### 获取所有股票代码

In [1]:
import os
import json

# Define the updated function to modify the filenames as required
def get_ticker_with_prefix(path):
    tickers = []
    for f in os.listdir(path):
        if f.endswith('.csv'):
            # Extract numeric part
            numeric_part = ''.join(filter(str.isdigit, f))
            # Extract the letter part (.SZ or .SH), convert to lowercase and prepend to the numeric part
            letter_part = f.split('.')[1].lower()
            #ticker = letter_part + numeric_part
            ticker = numeric_part
            tickers.append(ticker)
    # Sort the list of IDs
    return sorted(tickers)

# Replace 'path_to_folder' with the actual path to your folder containing the CSV files
path_to_folder = 'data/raw-data/2024'

# Get the modified stock ids
tickers_with_prefix = get_ticker_with_prefix(path_to_folder)

# Convert the list of modified stock ids to JSON format
json_content = json.dumps(tickers_with_prefix, indent=4)

# Replace 'path_to_json_file' with the actual path where you want to save the JSON file
path_to_json_file = 'data/tickers.json'

# Write the JSON content to a file
with open(path_to_json_file, 'w') as json_file:
    json_file.write(json_content)

### 获取后复权因子

In [None]:
### 从 akshare 获取后复权因子数据，并保存在 CSV 文件中

import akshare as ak
import json
import os

# 读取股票代码
path_to_json_file = 'data/ticker.json'
with open(path_to_json_file, 'r') as json_file:
    tickers = json.load(json_file)

# 检查并获取后复权因子
for ticker in tickers:
    filename = f"{ticker}.csv"

    # 检查文件是否存在
    if not os.path.exists("data/backward_adjust_factor/" + filename):
        # 如果ticker开头是0或3，增加sz前缀，否则增加sh前缀
        if ticker.startswith('0') or ticker.startswith('3'):
            ticker = 'sz' + ticker
        else:
            ticker = 'sh' + ticker
            
        try:
            # 尝试调用 API 获取数据
            df = ak.stock_zh_a_daily(symbol=ticker, adjust="hfq-factor")
            # 保存数据到 CSV 文件
            df.to_csv("data/backward_adjust_factor/" + filename, index=False)
            print(f"{ticker} data saved to {filename}")
        except Exception as e:
            # 打印错误信息，并继续处理下一个 ticker
            print(f"Error retrieving data for {ticker}: {e}")
    else:
        print(f"File {filename} already exists.
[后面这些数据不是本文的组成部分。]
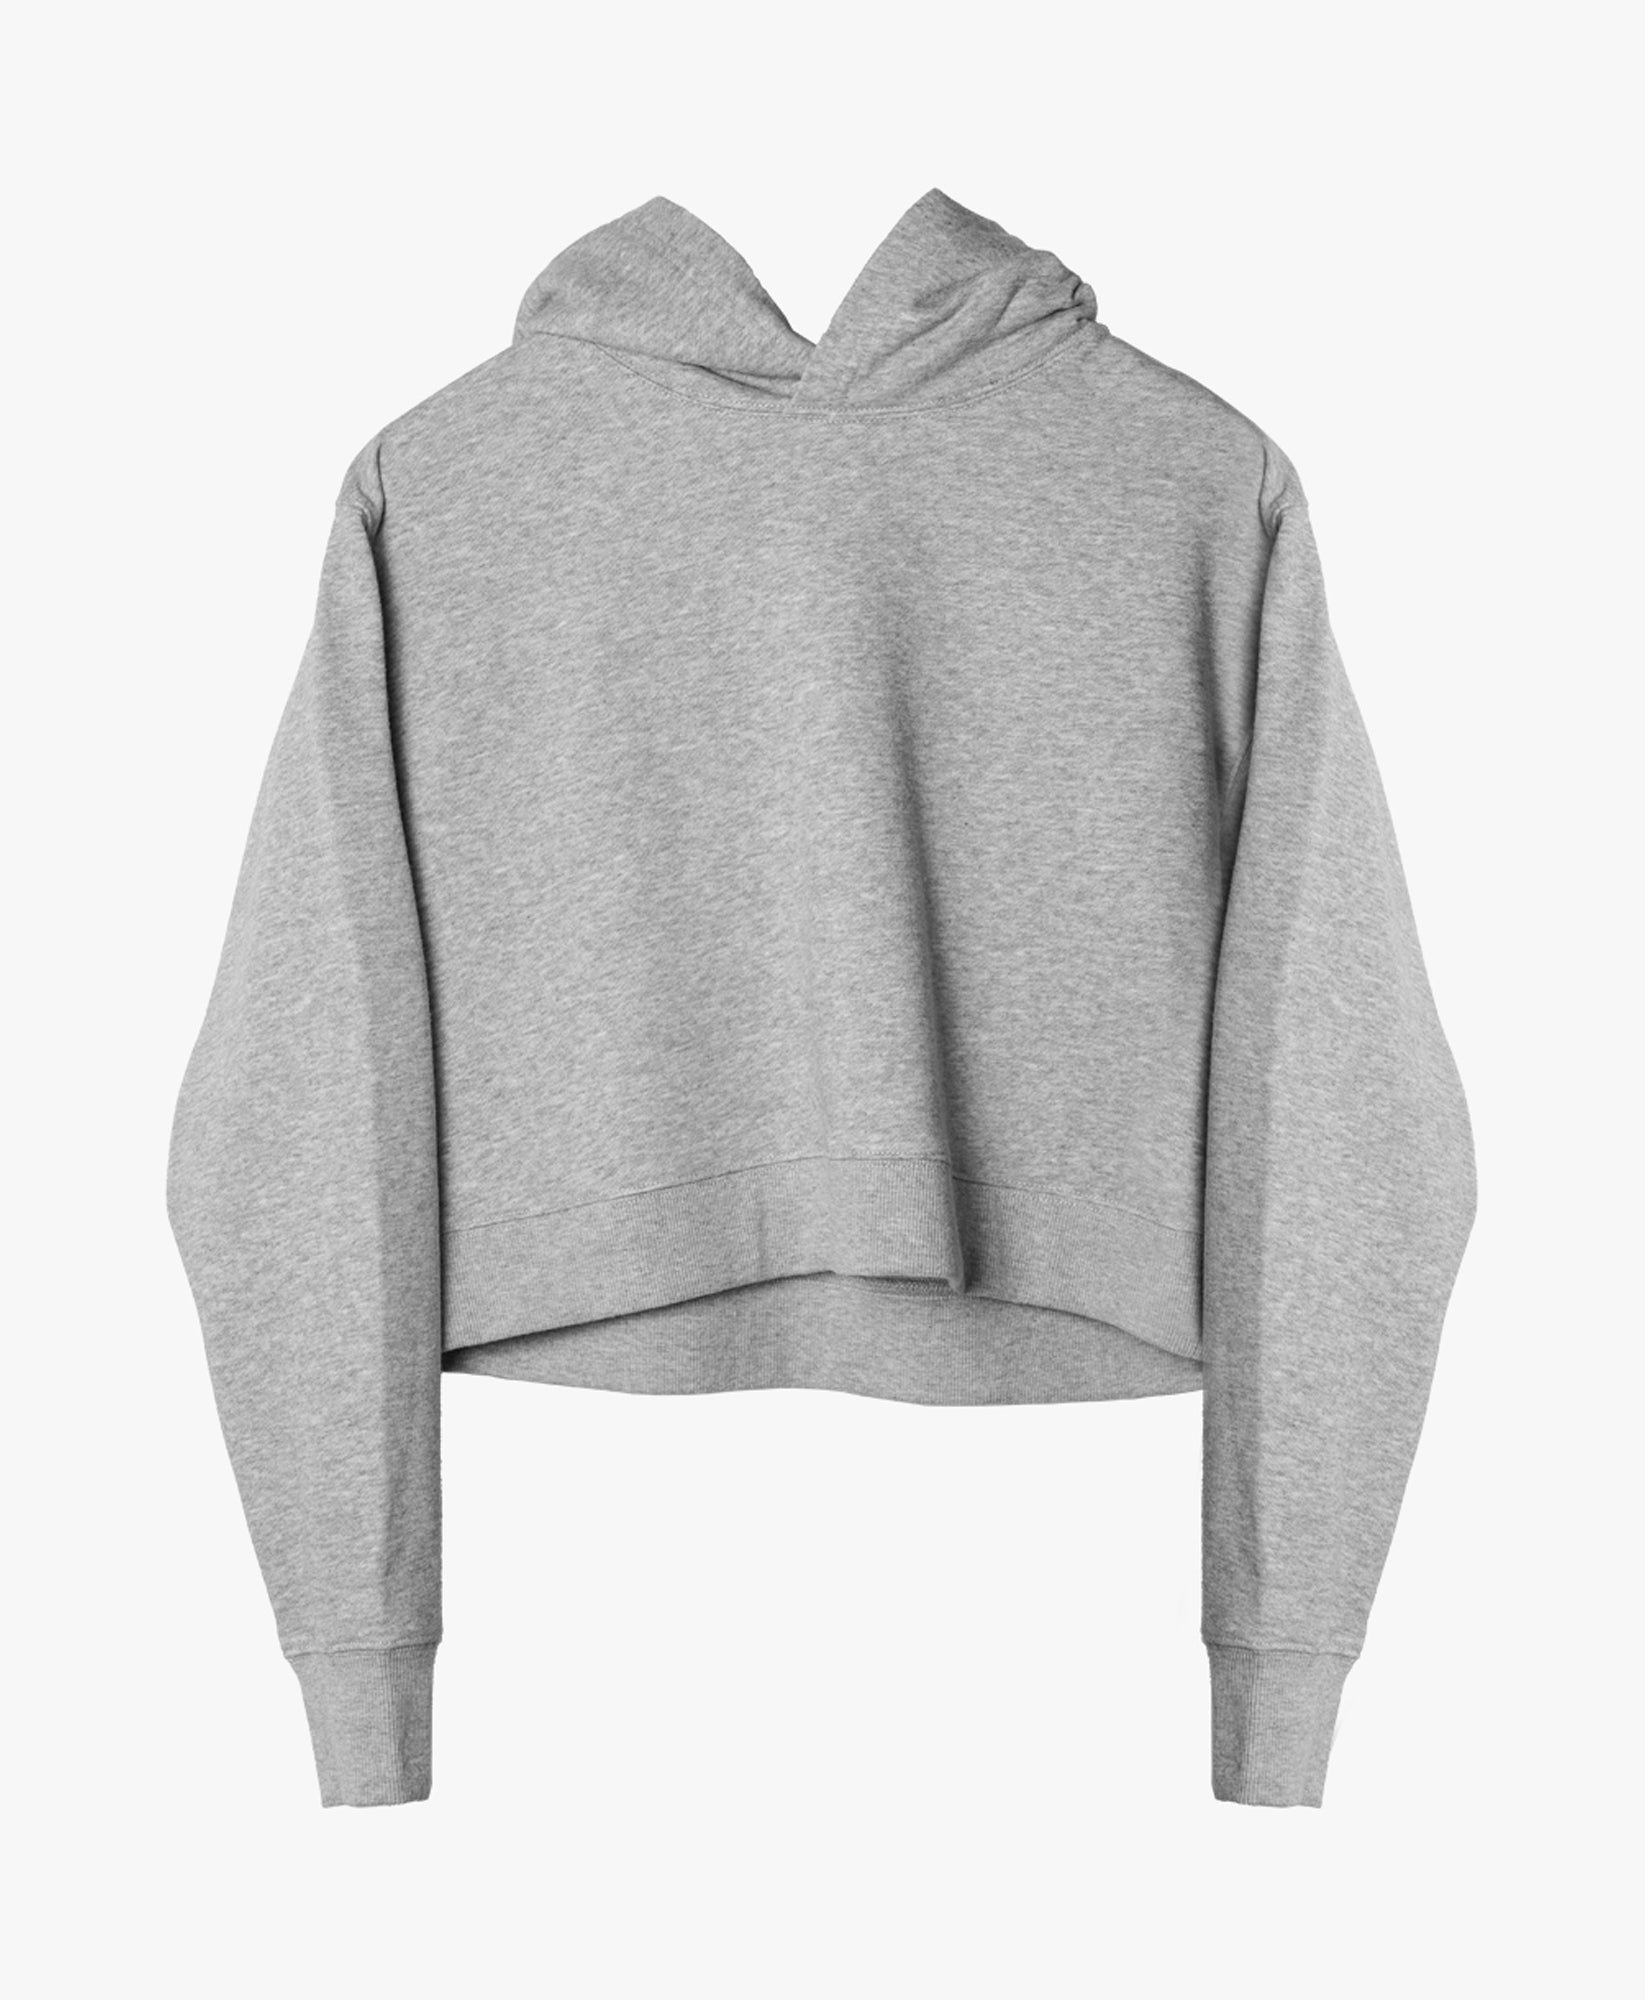 Wear One's At French Terry Cropped Hoodie in Sport Grey on Model Side View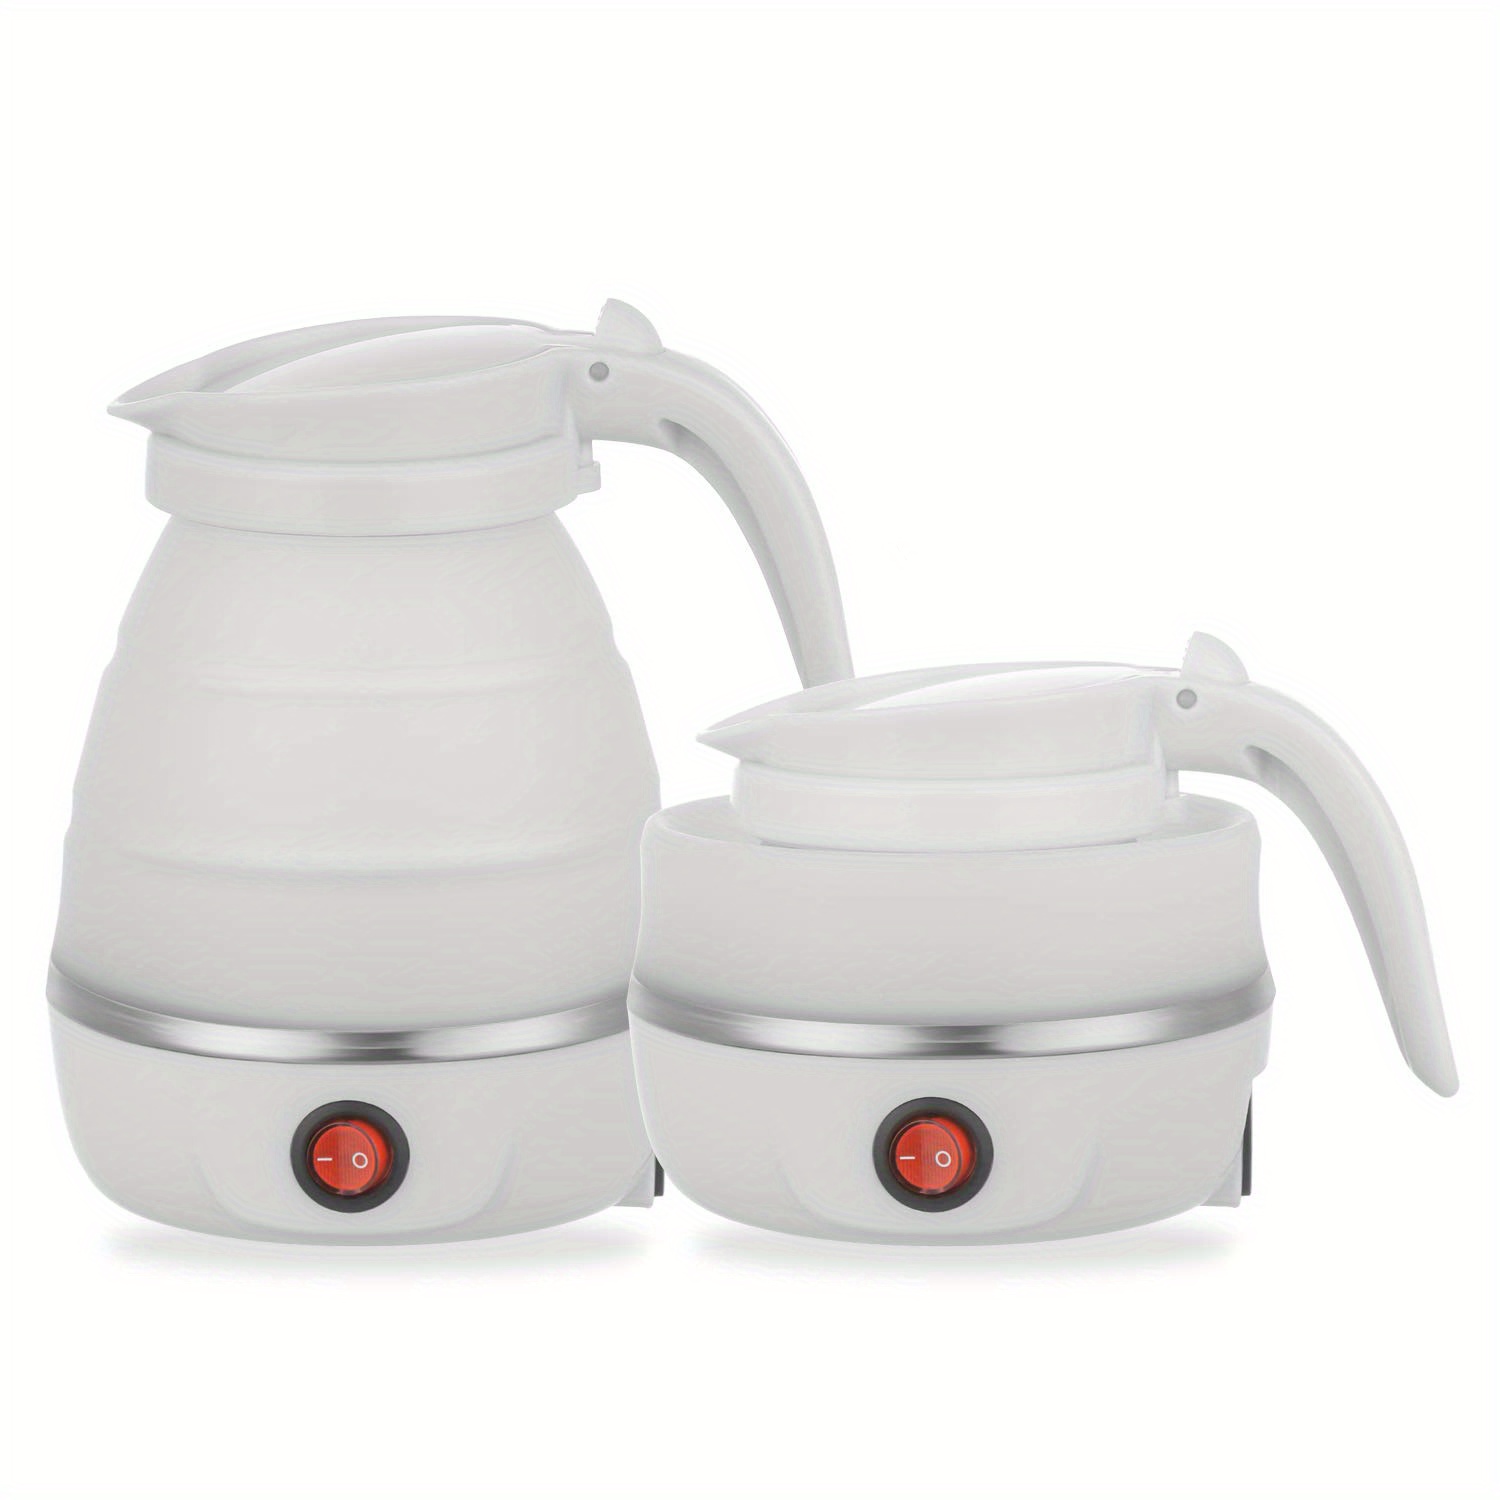 110V / 220V Electric Kettle Foldable Silicone Portable Water Kettle

Skipping.")

### 按股票合并历年数据<多线程>

In [1]:
import os
import pandas as pd
import json
import concurrent.futures
from tqdm import tqdm

# 路径设置
json_file = 'data/tickers.json'
data_dir = 'data/raw-data/'
merged_dir = 'data/by_stock_merged/'
if not os.path.exists(merged_dir):
    os.makedirs(merged_dir)

# 读取股票代码列表
with open(json_file, 'r') as f:
    tickers = json.load(f)

def merge_data_for_ticker(ticker):
    # 检查合并后的文件是否已存在
    output_file = os.path.join(merged_dir, f"{ticker}.csv")
    if os.path.isfile(output_file):
        return  # 如果已存在，则跳过这个股票
    
    all_data = []  # 存储单个股票的所有数据
    # 遍历每个年份的文件夹
    for year in os.listdir(data_dir):
        year_dir = os.path.join(data_dir, year)
        if os.path.isdir(year_dir):  # 确保是目录
            # 假设后缀可能是.SZ或.SH，尝试两种可能性
            for suffix in ['.SZ', '.SH']:
                file_path = os.path.join(year_dir, f"{ticker}{suffix}.csv")
                if os.path.isfile(file_path):  # 确保文件存在
                    data = pd.read_csv(file_path)
                    all_data.append(data)
                    break
    
    if all_data:
        # 合并数据
        merged_data = pd.concat(all_data)
        # 按交易时间排序
        merged_data.sort_values(by='trade_time', inplace=True)
        # 保存到merged文件夹
        merged_data.to_csv(os.path.join(merged_dir, f"{ticker}.csv"), index=False)

def main():
    max_workers = max(1, os.cpu_count() - 1)  # 保留一个CPU核心
    with concurrent.futures.ThreadPoolExecutor(max_workers=max_workers) as executor:
        # 设置tqdm进度条
        futures = [executor.submit(merge_data_for_ticker, ticker) for ticker in tickers]
        for _ in tqdm(concurrent.futures.as_completed(futures), total=len(tickers), desc="Merging Stocks"):
            pass

if __name__ == "__main__":
    main()


Merging Stocks:  32%|███▏      | 1623/5100 [1:56:44<19:40:49, 20.38s/it]

### 单只股票数据检查<多线程>

In [1]:
import pandas as pd
from pathlib import Path
import concurrent.futures
import os

def check_data_points_and_nan(file_path):
    df = pd.read_csv(file_path)
    df['trade_time'] = pd.to_datetime(df['trade_time'])
    df['date'] = df['trade_time'].dt.date
    grouped = df.groupby('date').size()

    ticker = Path(file_path).stem  # 获取文件名作为股票代码
    invalid_dates = grouped[grouped != 240].index.tolist()
    nan_values = df.isna().any(axis=1)

    if invalid_dates or nan_values.any():
        return ticker, invalid_dates, df[nan_values]

    return None

def main():
    folder_path = 'data/by_stock_merged/'  # 更改为您的数据文件夹路径
    file_paths = Path(folder_path).glob('*.csv')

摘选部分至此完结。